In a multiprocessor, the CPU that was interrupted runs symmon and nothing else. For example, the CPU that executes the breakpoint, or the CPU that handles the interrupt that returns the control-A character, or the CPU in which debug() was called, comes under the control of symmon. Other CPUs continue to execute normally. However, if the symmon CPU holds a lock, other CPUs may come to a halt waiting for the lock to be released.

The symmon breakpoint table is shared by all CPUs. A breakpoint set from one CPU can be taken by another CPU, or by multiple other CPUs. It is possible to run multiple instances of symmon concurrently. The output from all instances of symmon is multiplexed onto the system console terminal. However, only one CPU at a time issues the DBG: prompt. Use the cpu command with no argument to find out which CPU is prompting. Use the cpu command with a cpu number to switch to a different CPU. (See “Commands to Control Execution Flow”.)

Entering symmon at Boot Time

You can cause the kernel to stop during initialization and enter symmon during the bootstrap process. In order to do this, you must use the miniroot to set environment variables.

  1. Restart the system, for example by giving the commands sync and halt. Eventually, the 5-item PROM menu is displayed at the console terminal.

  2. Select item 5, “Enter the Command Monitor.”

  3. Set one or both of the environment variables dbgstop and symstop to 1, using commands such as the following:

    >> setenv symstop 1
    

  4. Return to the PROM menu by entering the command exit.

  5. Select menu item 1, “Start System.”

In either case, symmon seizes the system and displays its DBG: prompt at the system console during bootstrap. When the dbgstop variable is set, symmon takes control of the system very early in the bootstrap process. Symbolic names are not initialized at this point. However, breakpoints can be set and memory can be displayed using explicit addresses.

When the symstop variable is set, symmon takes control after symbols are defined, but before driver initialization is begun. At this stop, you can display memory and set breakpoints based on entry point names of your driver.

Commands of symmon

The exact set of commands supported by symmon changes from release to release and from CPU model to CPU model. Many symmon commands are useful only to SGI engineers who are debugging hardware and kernel problems. For a complete list of commands, see the symmon(1M) reference page, or enter symmon and give the help command. You can use control-S and control-Q on the console terminal to pause the scrolling display.

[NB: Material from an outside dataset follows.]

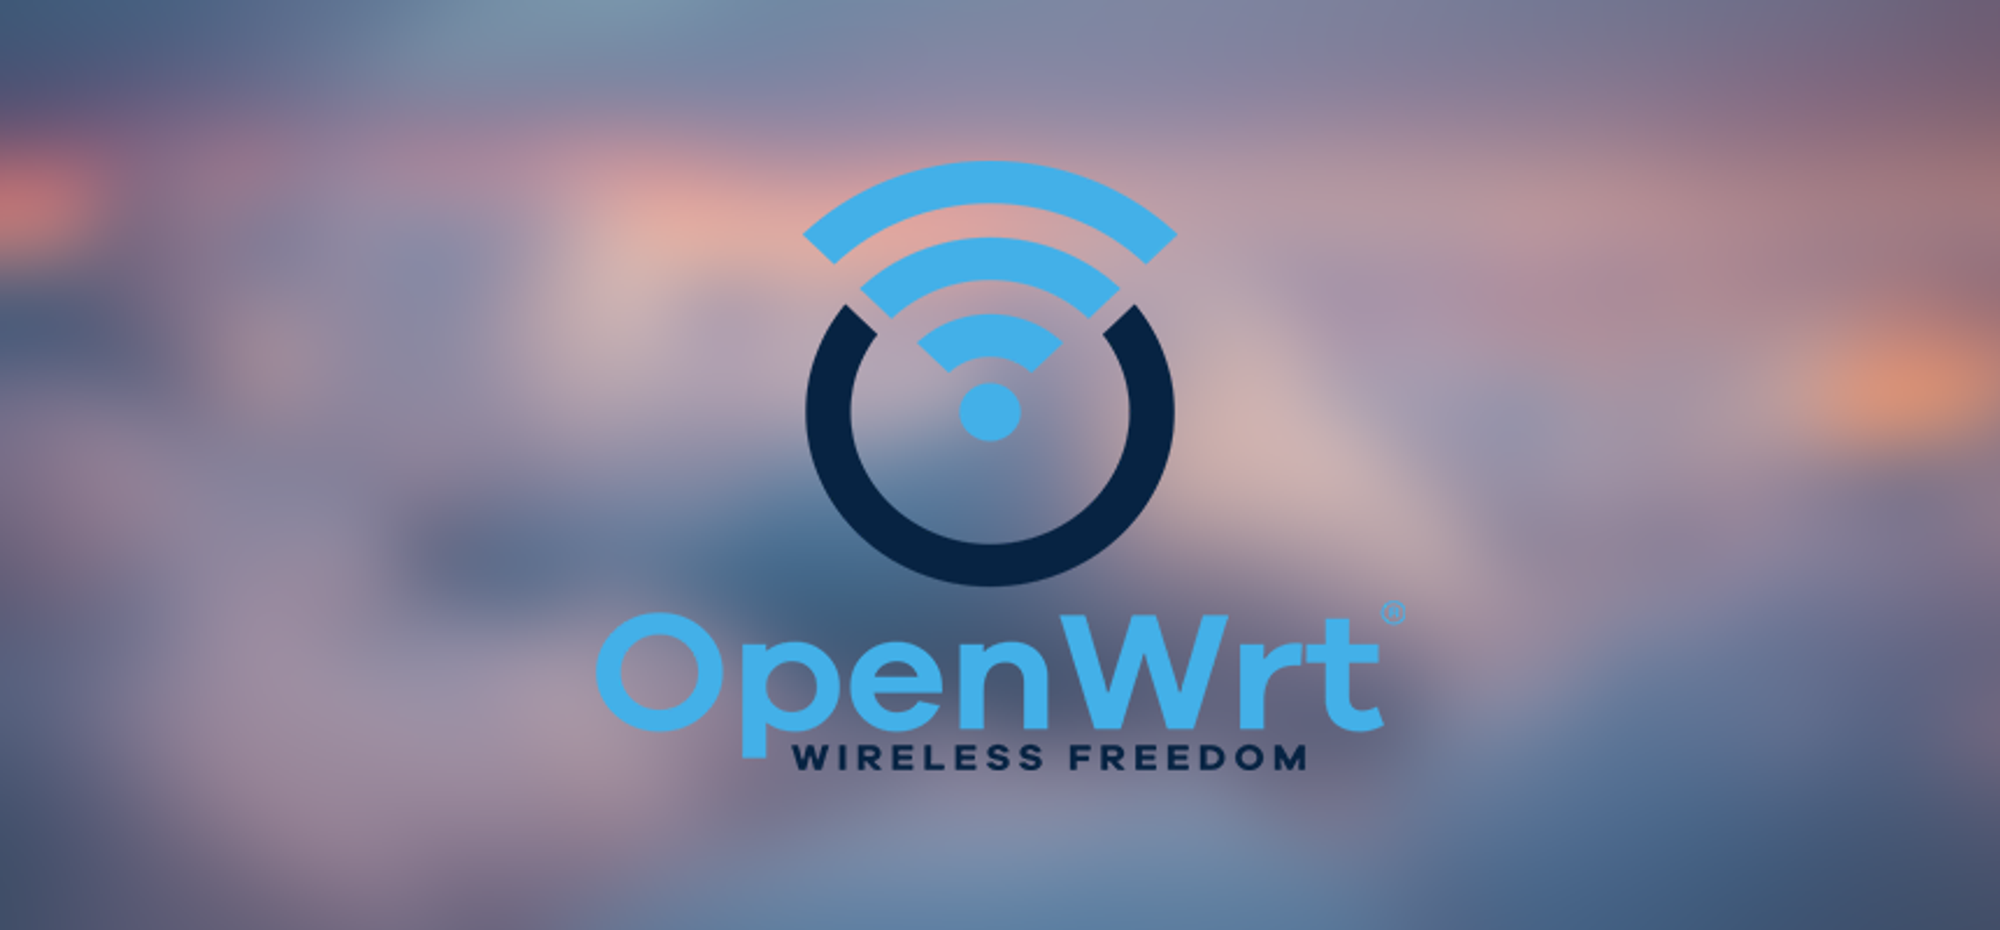 OpenWrt 固件自编译教程：从入门到酸爽！ - 喵斯基部落
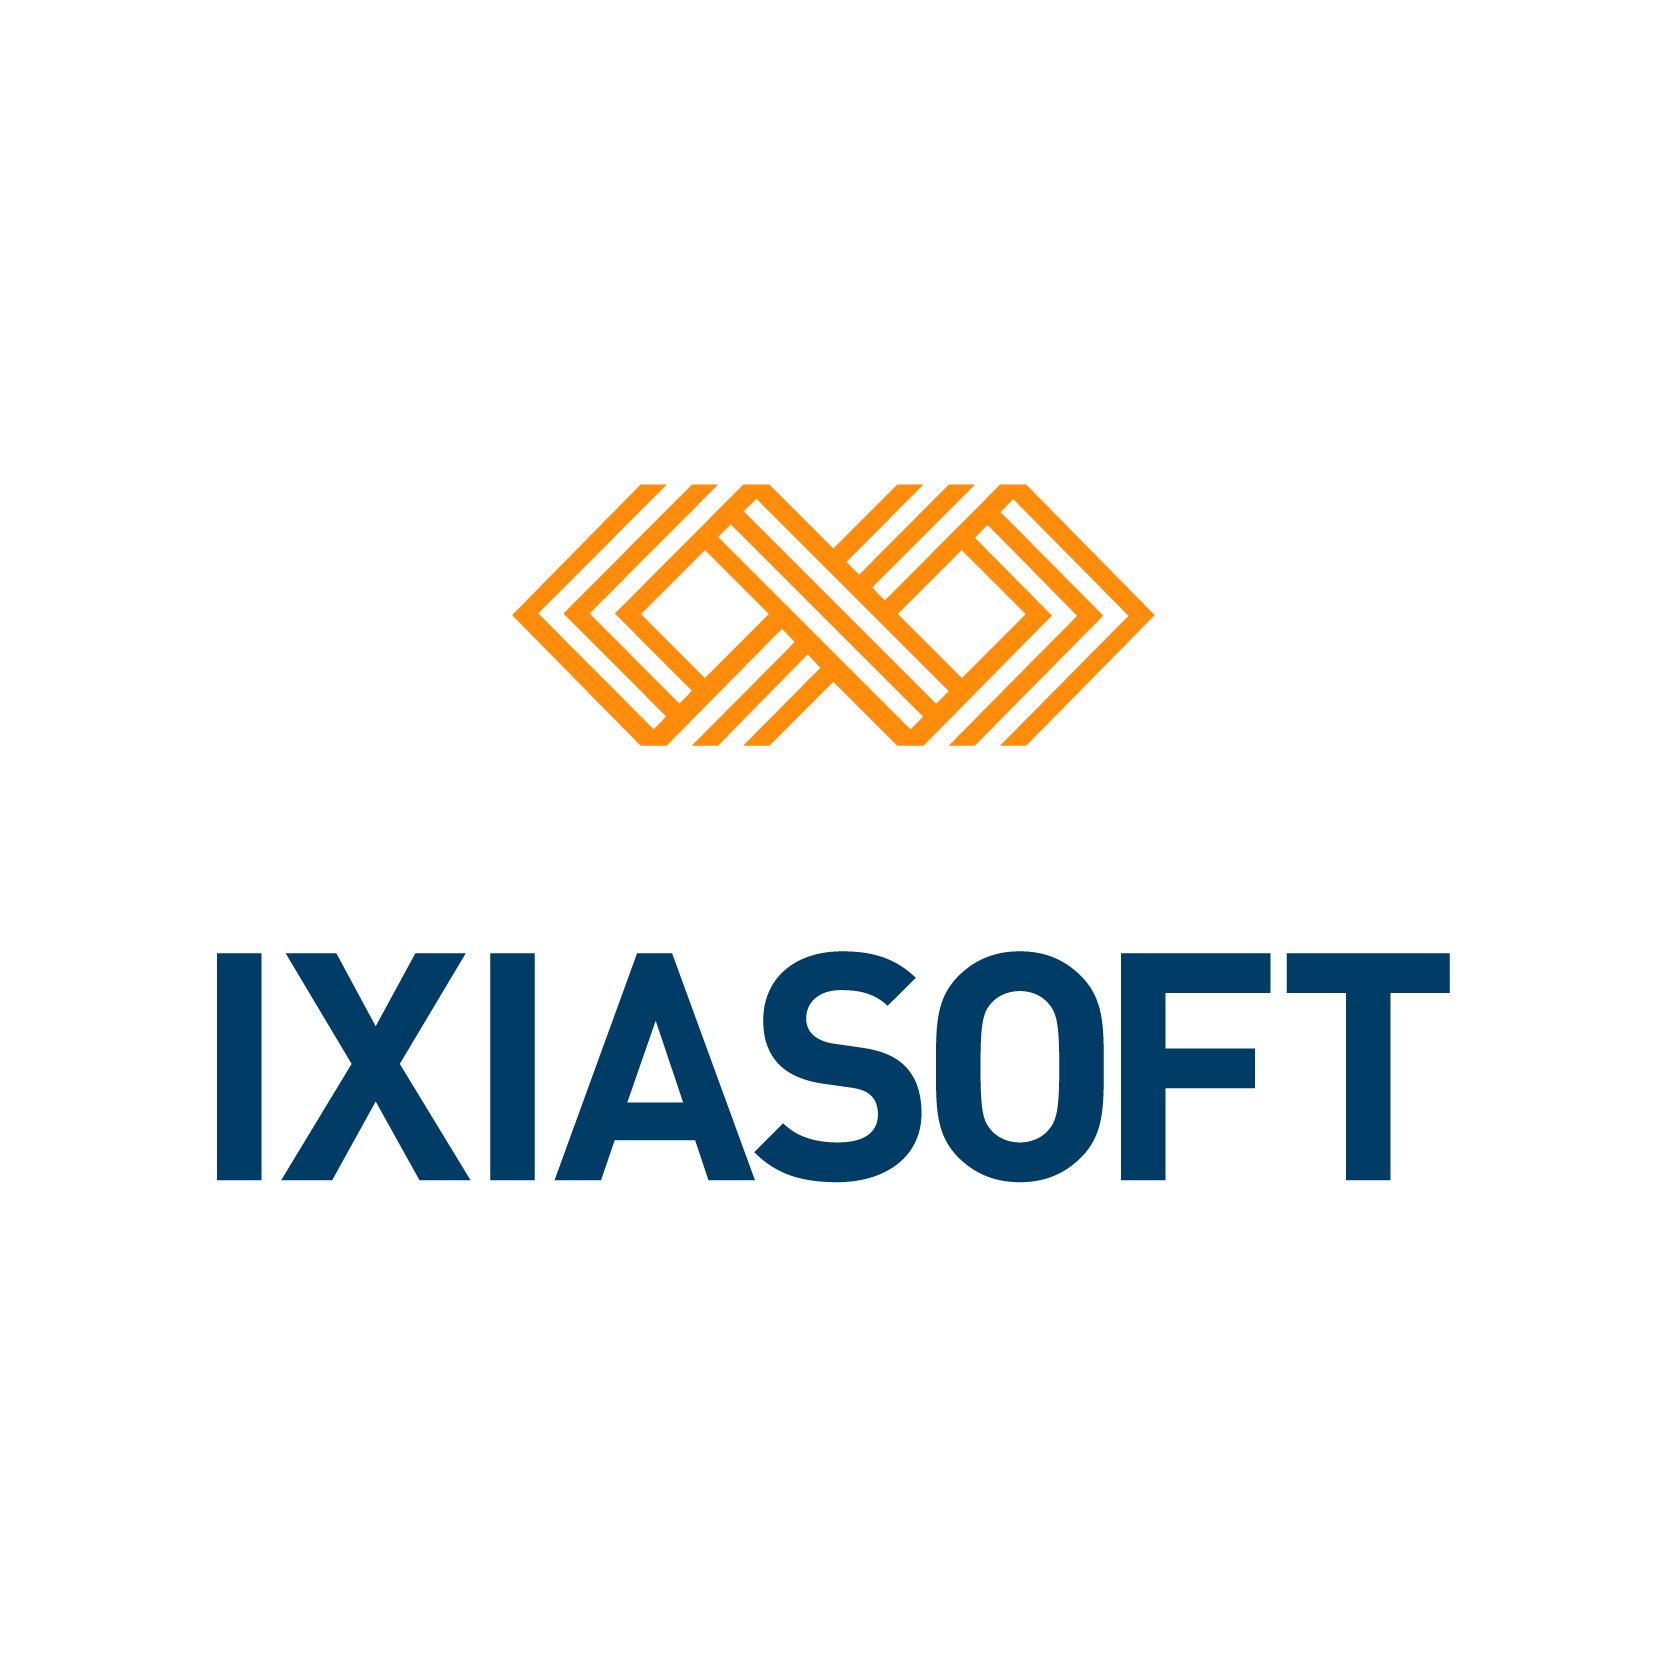 IXIASOFT-logoupdated

The commands described in this section are generally useful and are available on all CPU models under IRIX 6.2. These commands can be grouped into the following categories:

  • Conversion between symbols and memory addresses.

  • Execution control, including commands for stopping, starting, and setting breakpoints.

  • Display and modification of memory, including the display of machine registers and of system data structures such as the buf_t and proc_t objects.

  • Management of the virtual memory system and the TLB.

Syntax of Command Elements

The symmon commands all have the same form: a keyword, usually followed by one or more arguments separated by spaces.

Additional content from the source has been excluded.